[Task instructions] The reader should set down exactly the lines from the one containing "Max Karaoke Studio" through the last line of the material, omitting every picture.

[Provided material]

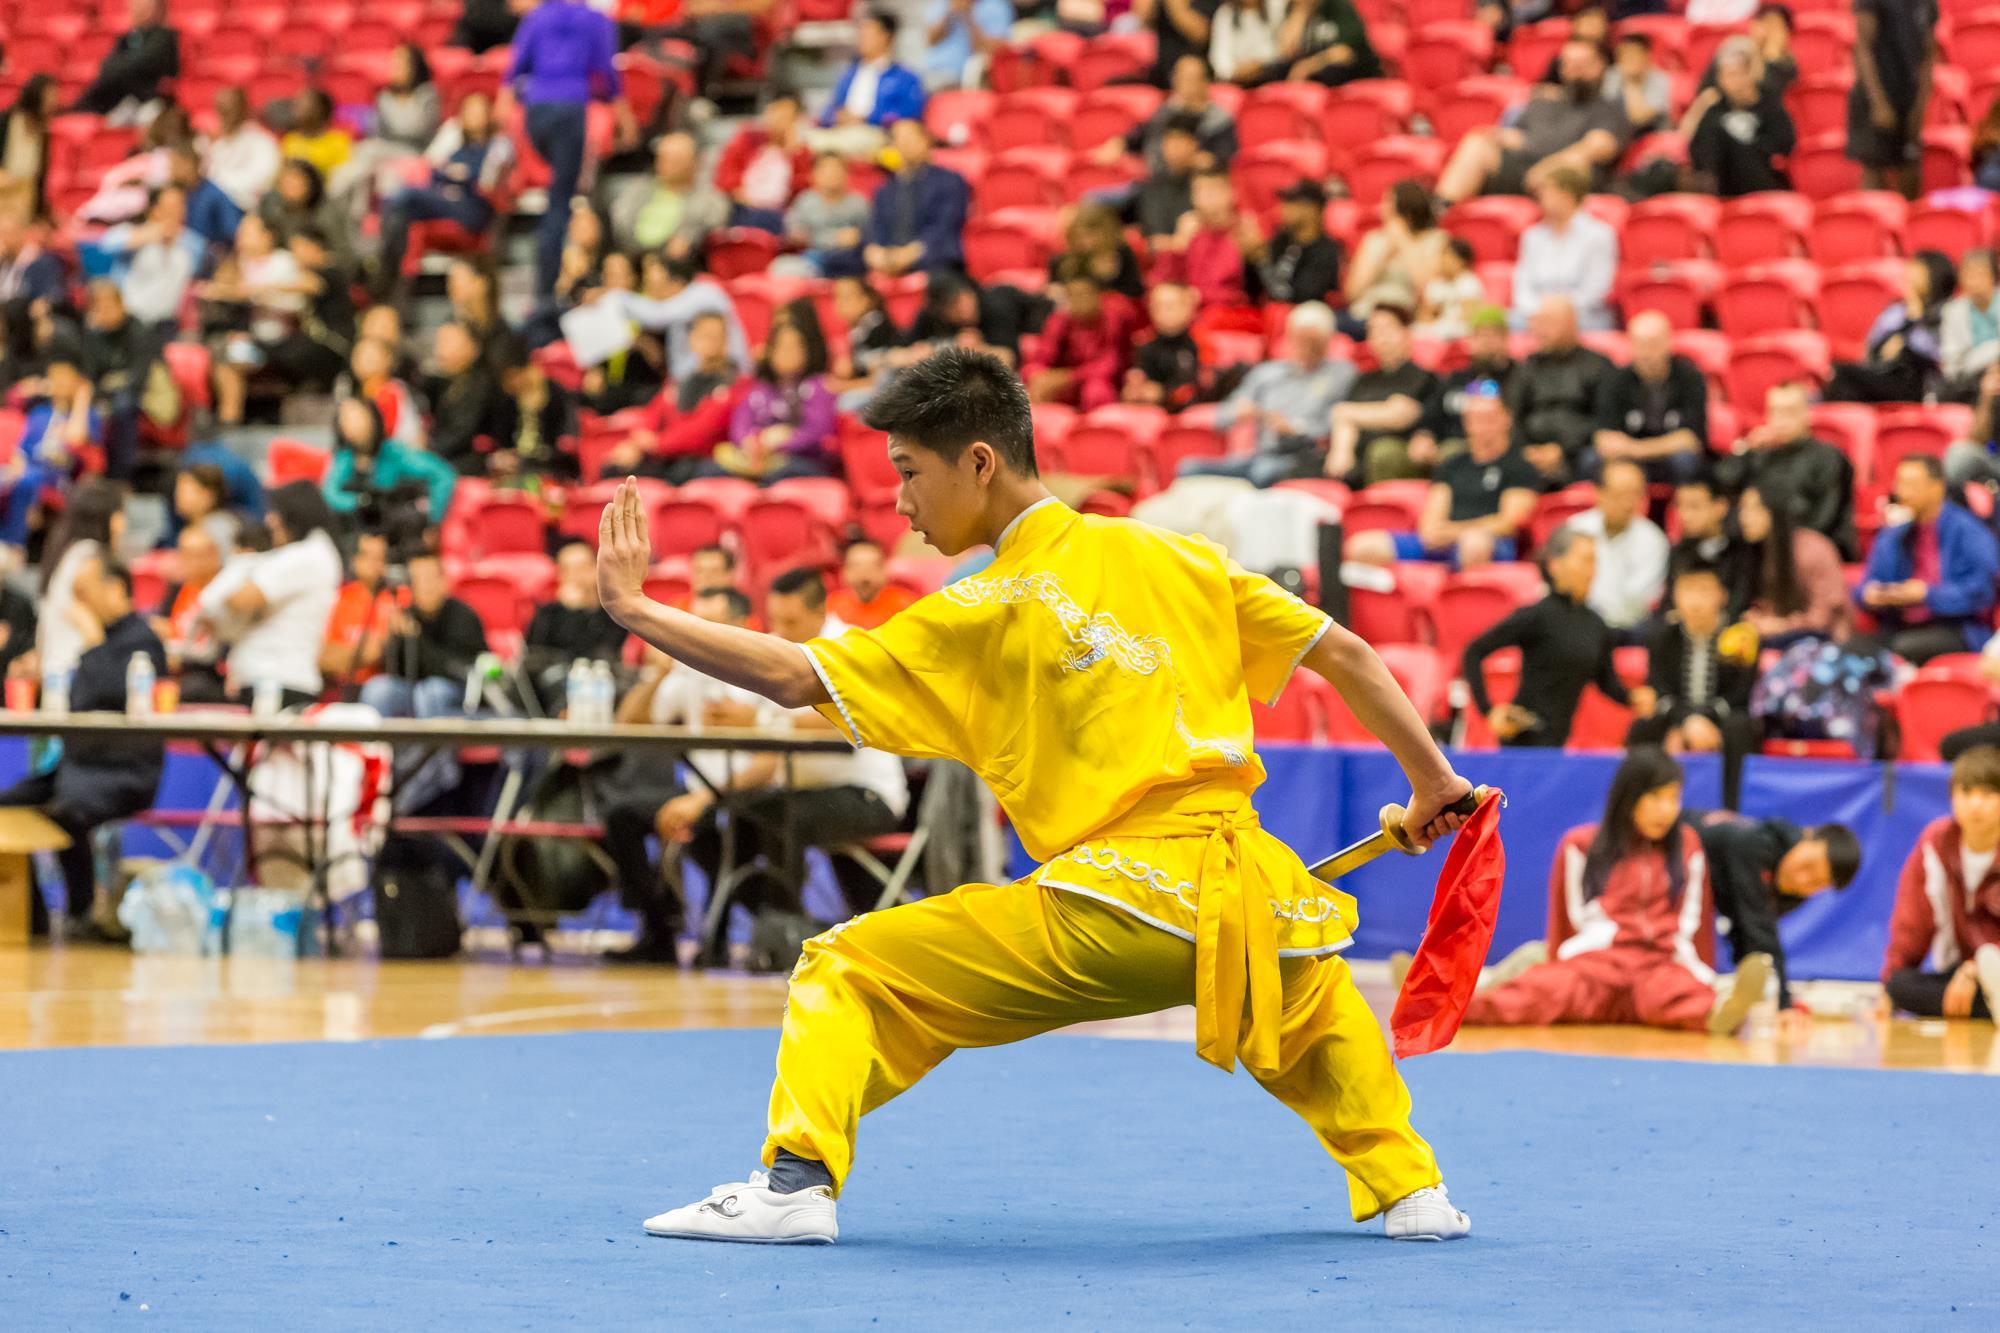 wayland-li-wushu-toronto-markham-canadian-wushu-championships-2017-daoshu-6.jpg
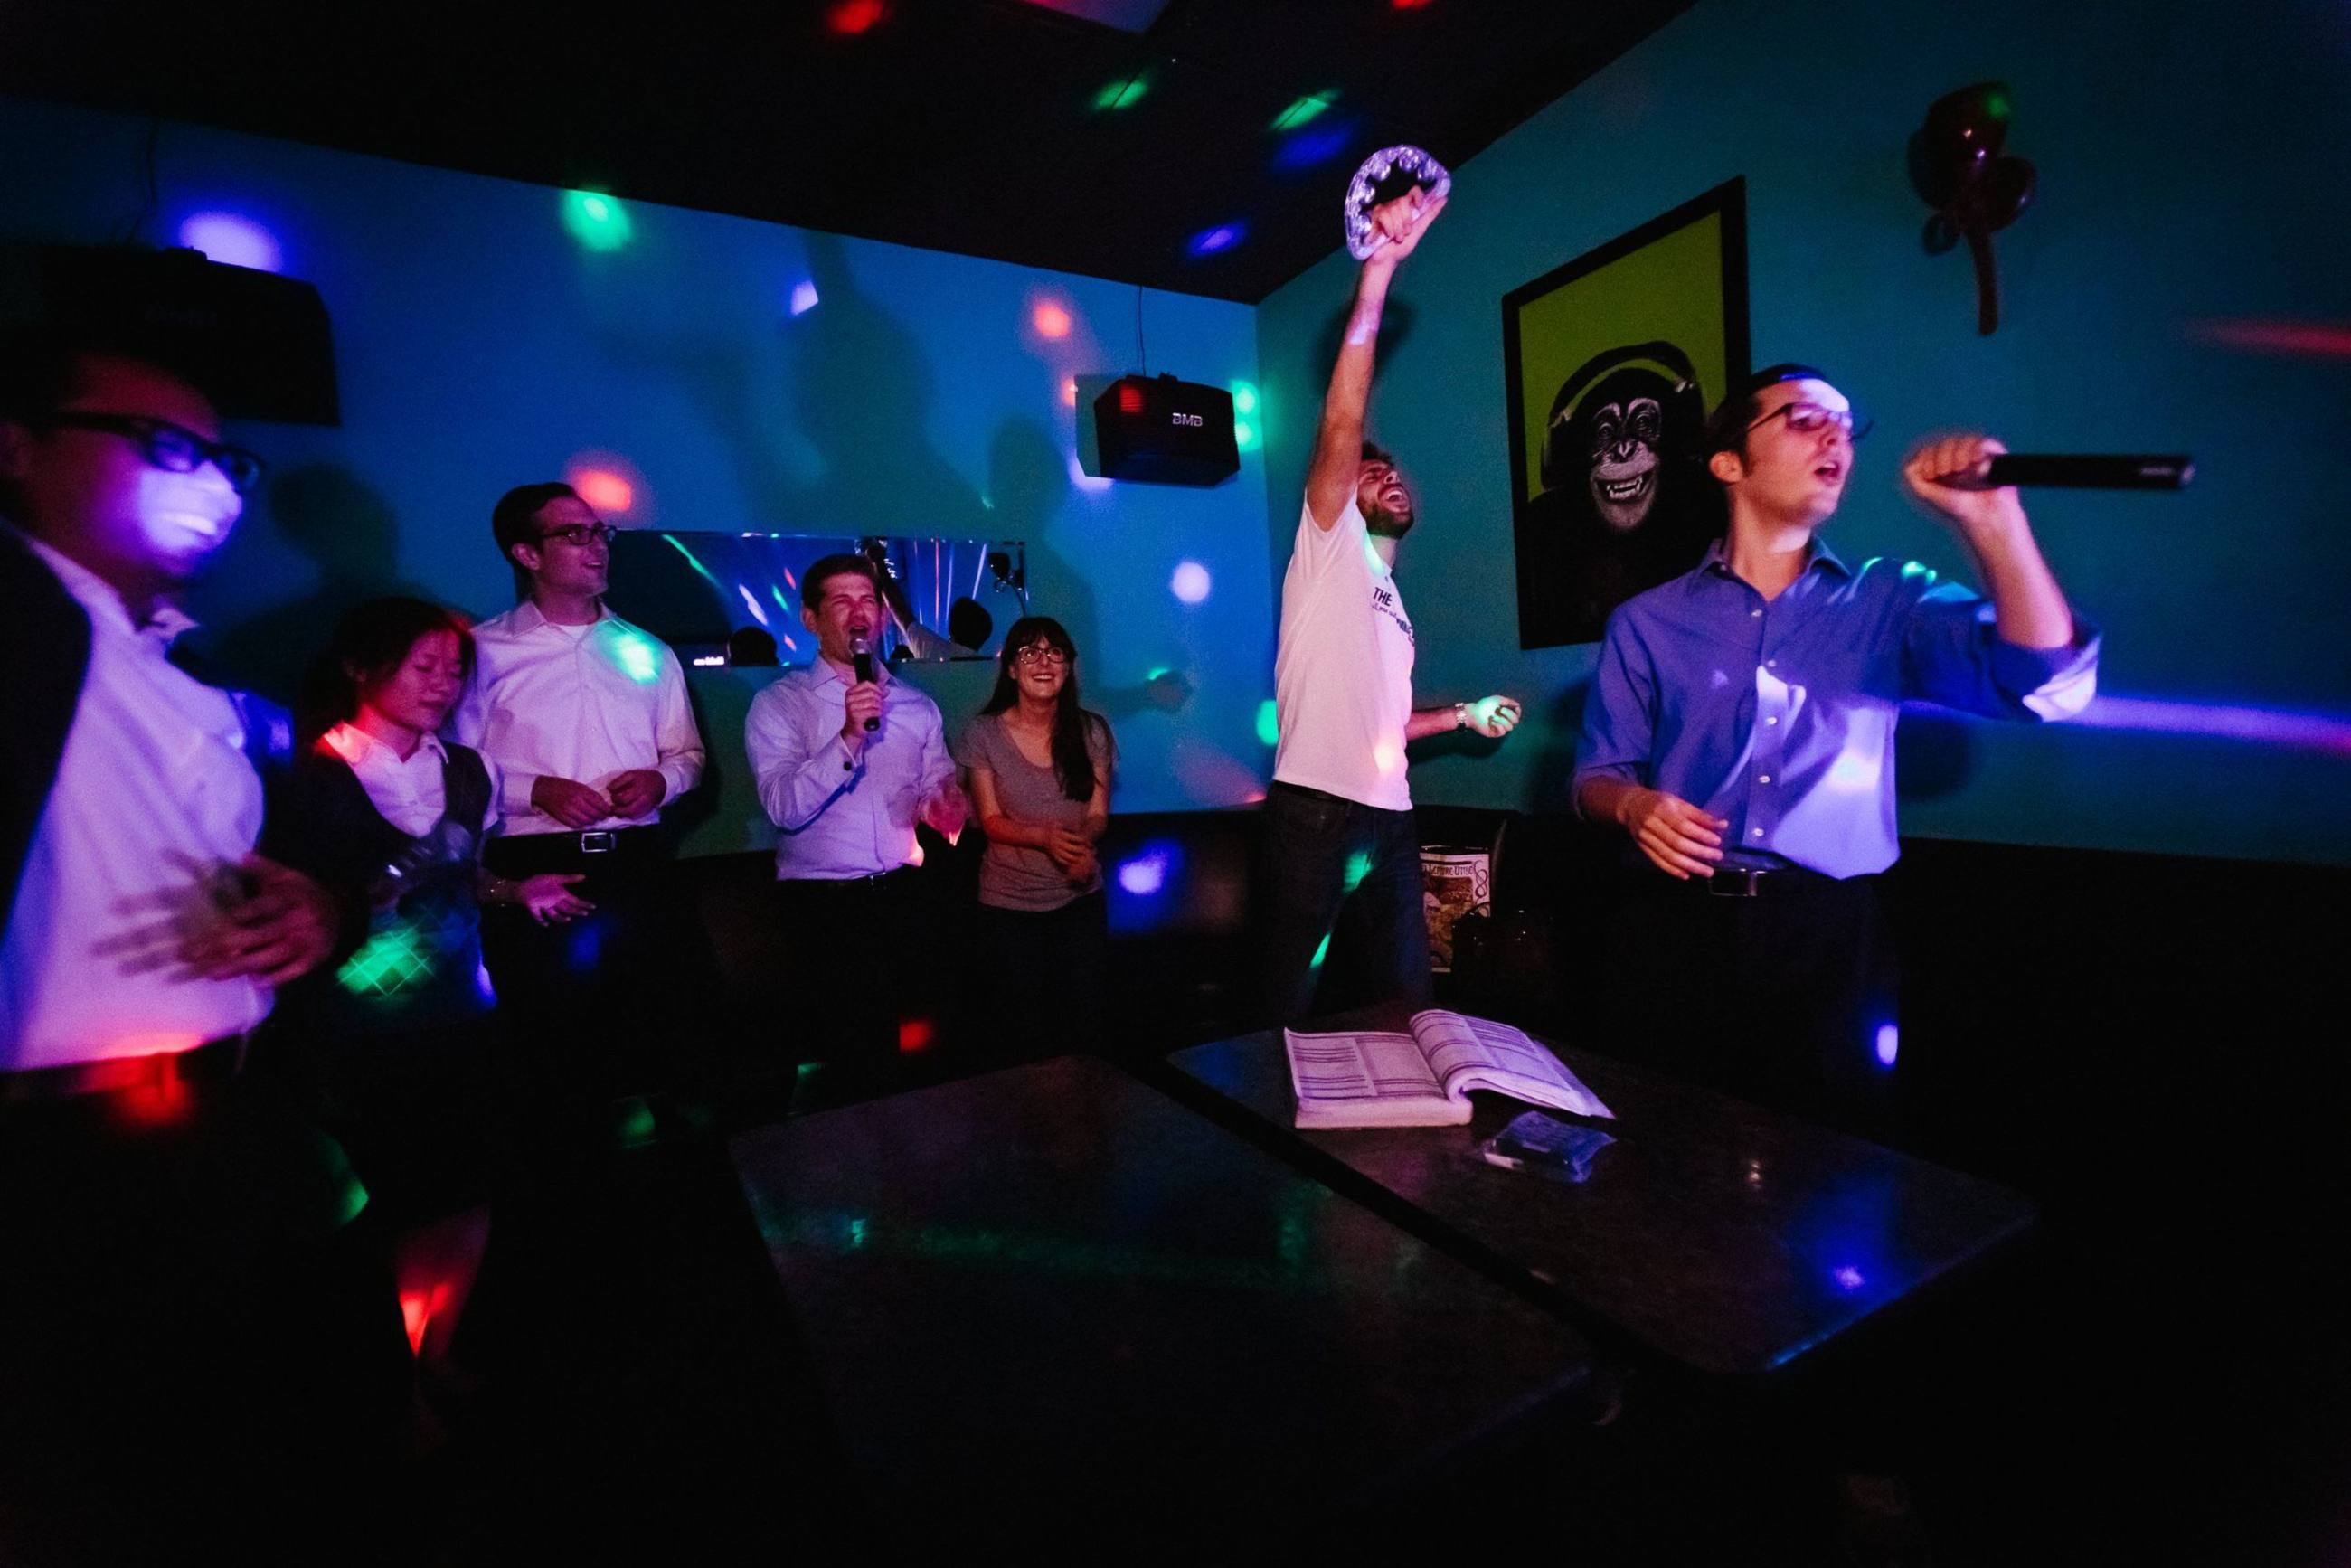 Max Karaoke Studio
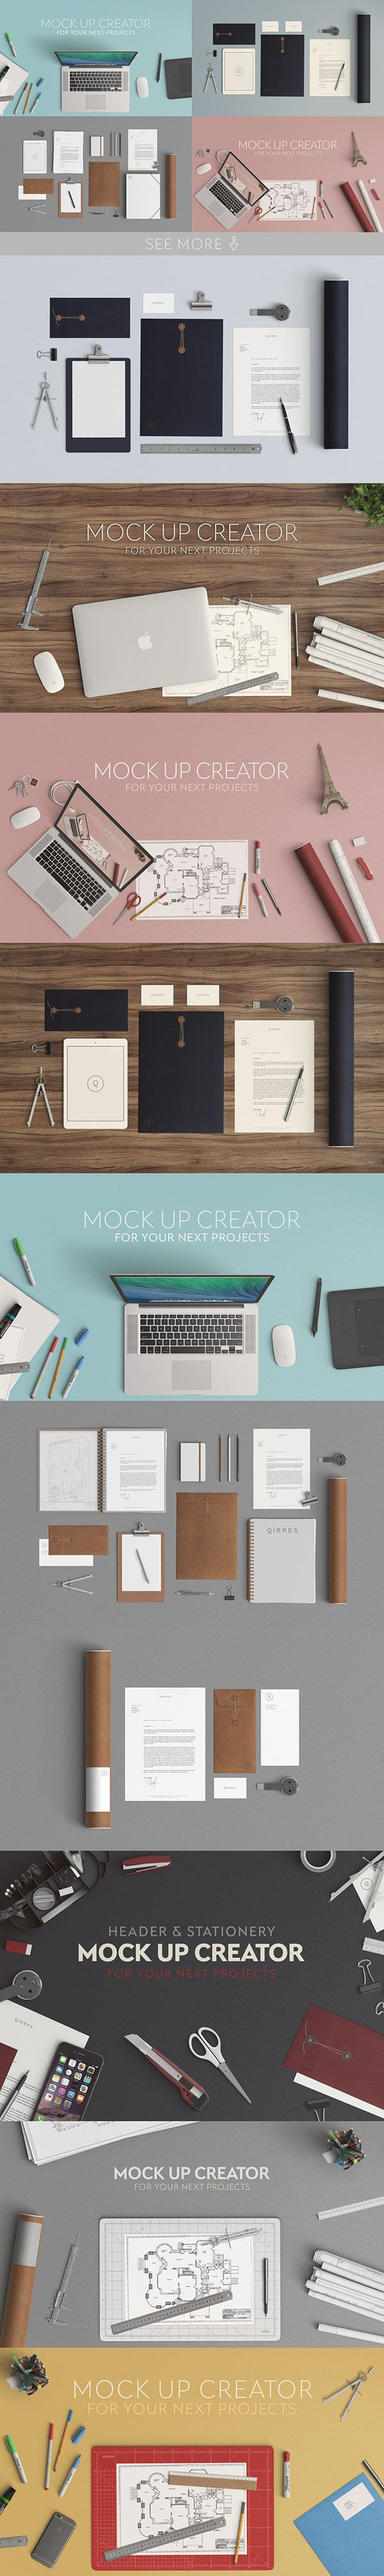 Header & Stationery Mock Up Creator on Behance

[Answer to this task]
 Max Karaoke Studio
 Header & Stationery Mock Up Creator on Behance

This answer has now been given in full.